UAV Searcher MKII produksi IAI, Israel. (Foto: IAI)
1 Februari 2012, Jakarta: Saat ini, Indonesia memerlukan pesawat intai tanpa awak untuk menjaga kedaulatan bangsa Indonesia.
"Jangan permasalahkan dulu asal pembelian pesawat intai tanpa awak itu, saat ini, kita butuh UAV," kata anggota Komisi I dari Fraksi Partai Demokrat, Mayjen (Purn) Yahya Sacawirya kepada itoday, Rabu (1/2).
Yahya sendiri belum tahu kebenaran rencana pihak TNI AU yang akan membeli UAV dari Filipina buatan Israel. "Saya akan cek kebenaran itu, ini juga terkait suku cadangnya," ungkapnya.

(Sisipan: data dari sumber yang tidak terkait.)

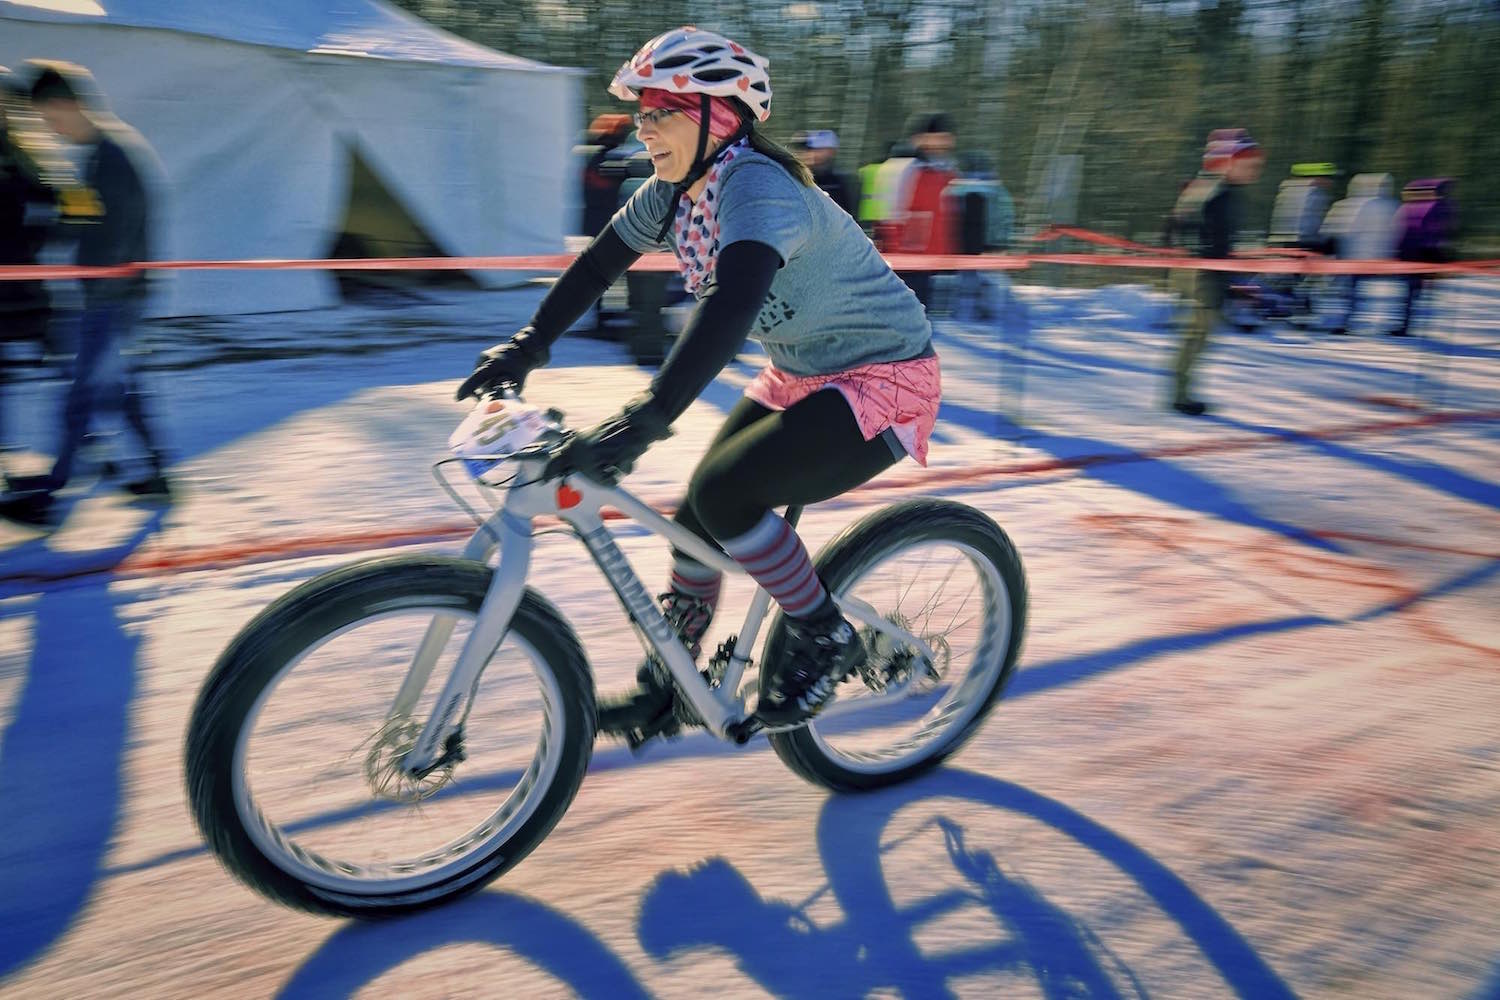 A race competitor celebrates Valentine's day while speeding down the course on her fat bike.
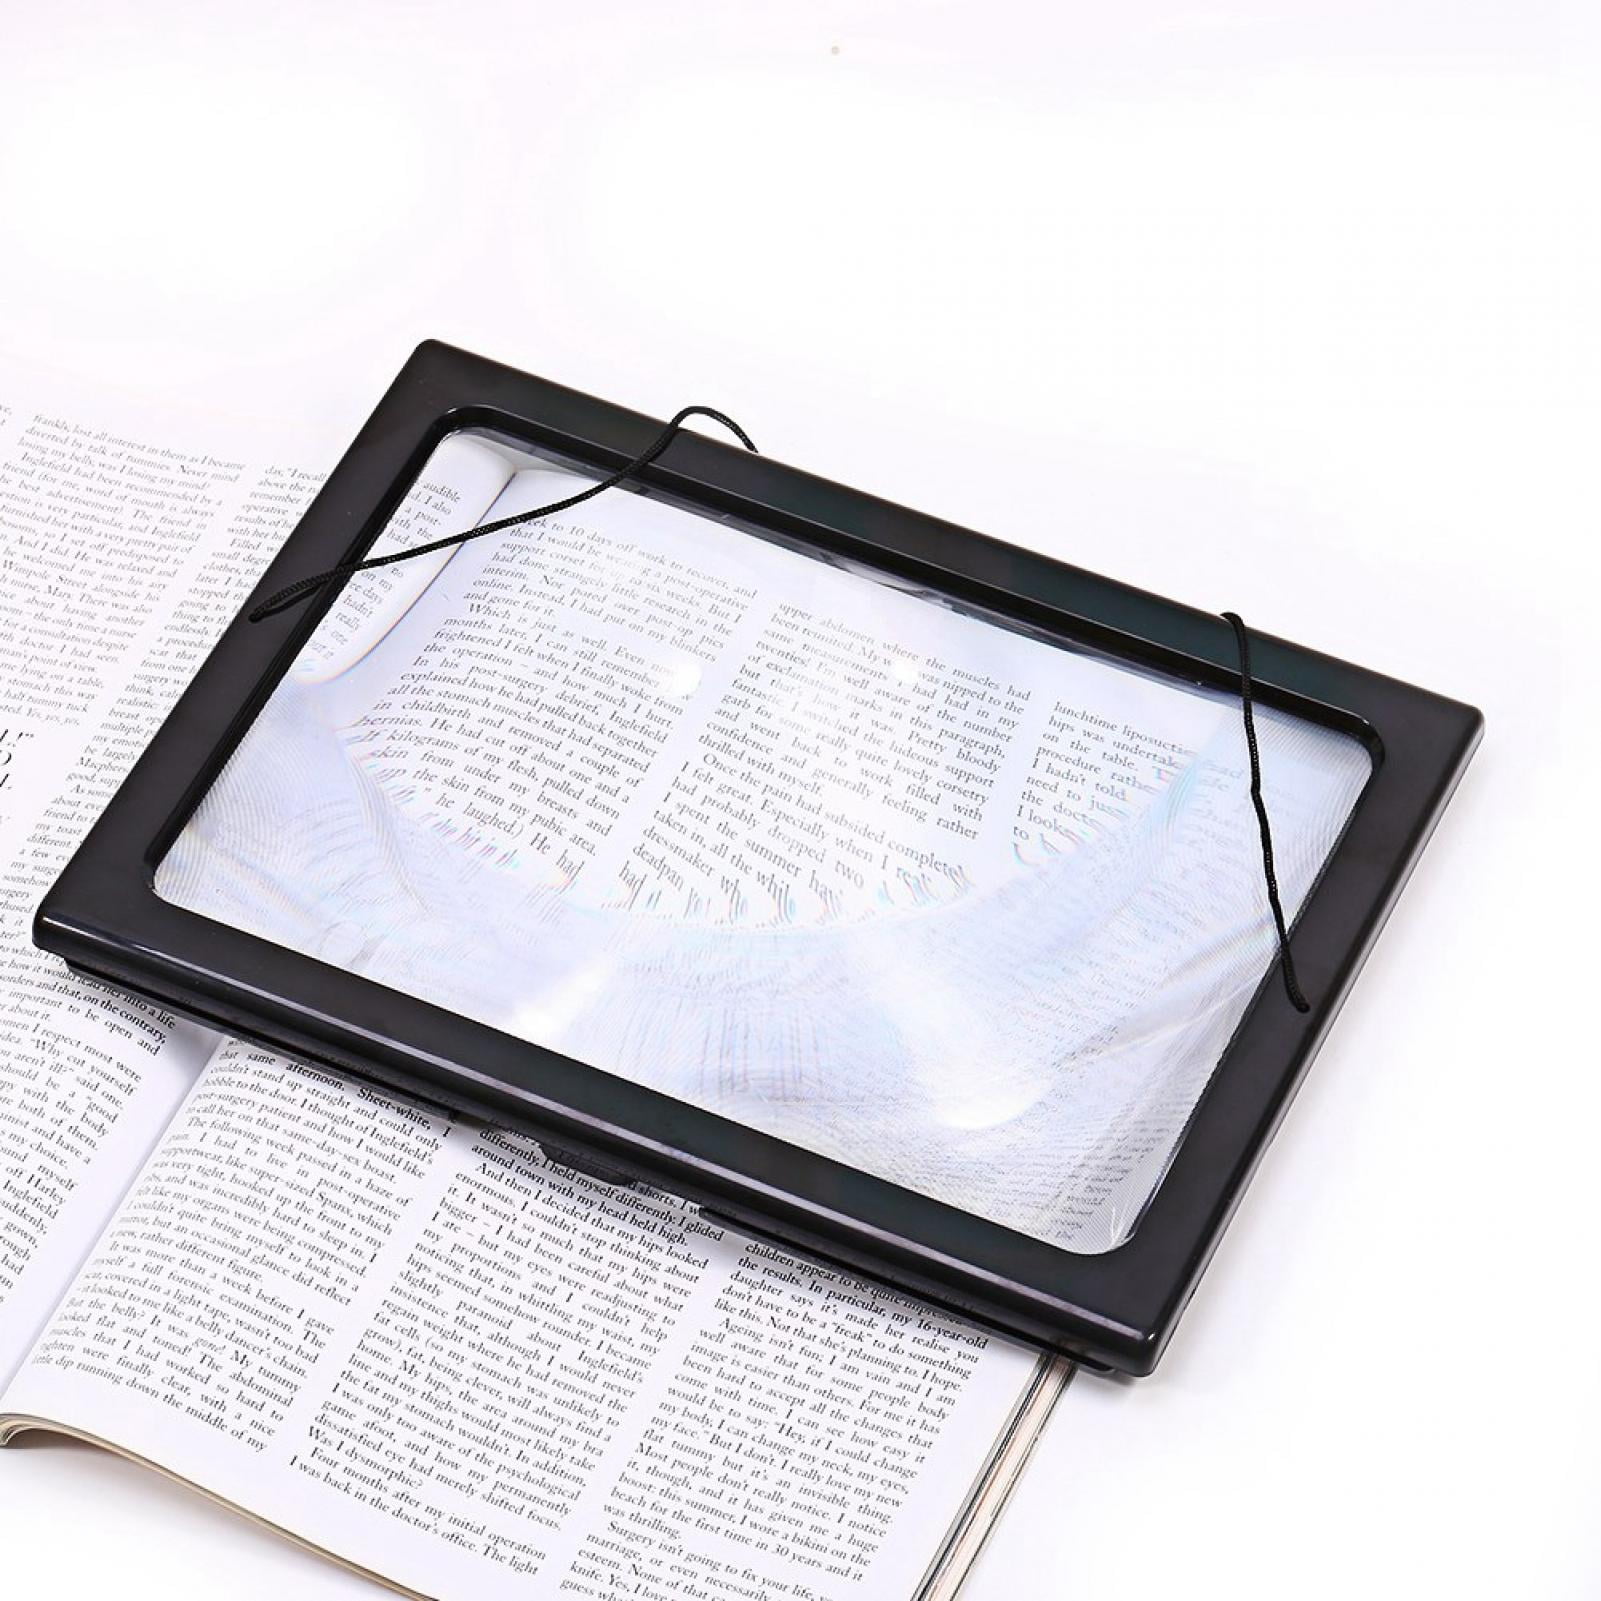 Karlge Magnifier Glass Reading Large A4 Page Hands Free 3x Magnifying Glass W Light Led

Kata Yahya, UAV sangat diperlukan untuk memonitor lokasi yang tidak terjangkau oleh pesawat berawak, terutama daerah perbatasan. "UAV itu untuk memonitor dan memotret wilayah Indonesia yang tidak terjangkau," paparnya.
Ia juga sangat menyetujui, bila TNI AU membeli pesawat intai dari PT Dirgantara Indonesia (PT DI). "Justru pertanyaannya, pesawat intai buatan PT DI mampu atau tidak. Kalau canggih dan mampu, saya sangat setuju," jelasnya.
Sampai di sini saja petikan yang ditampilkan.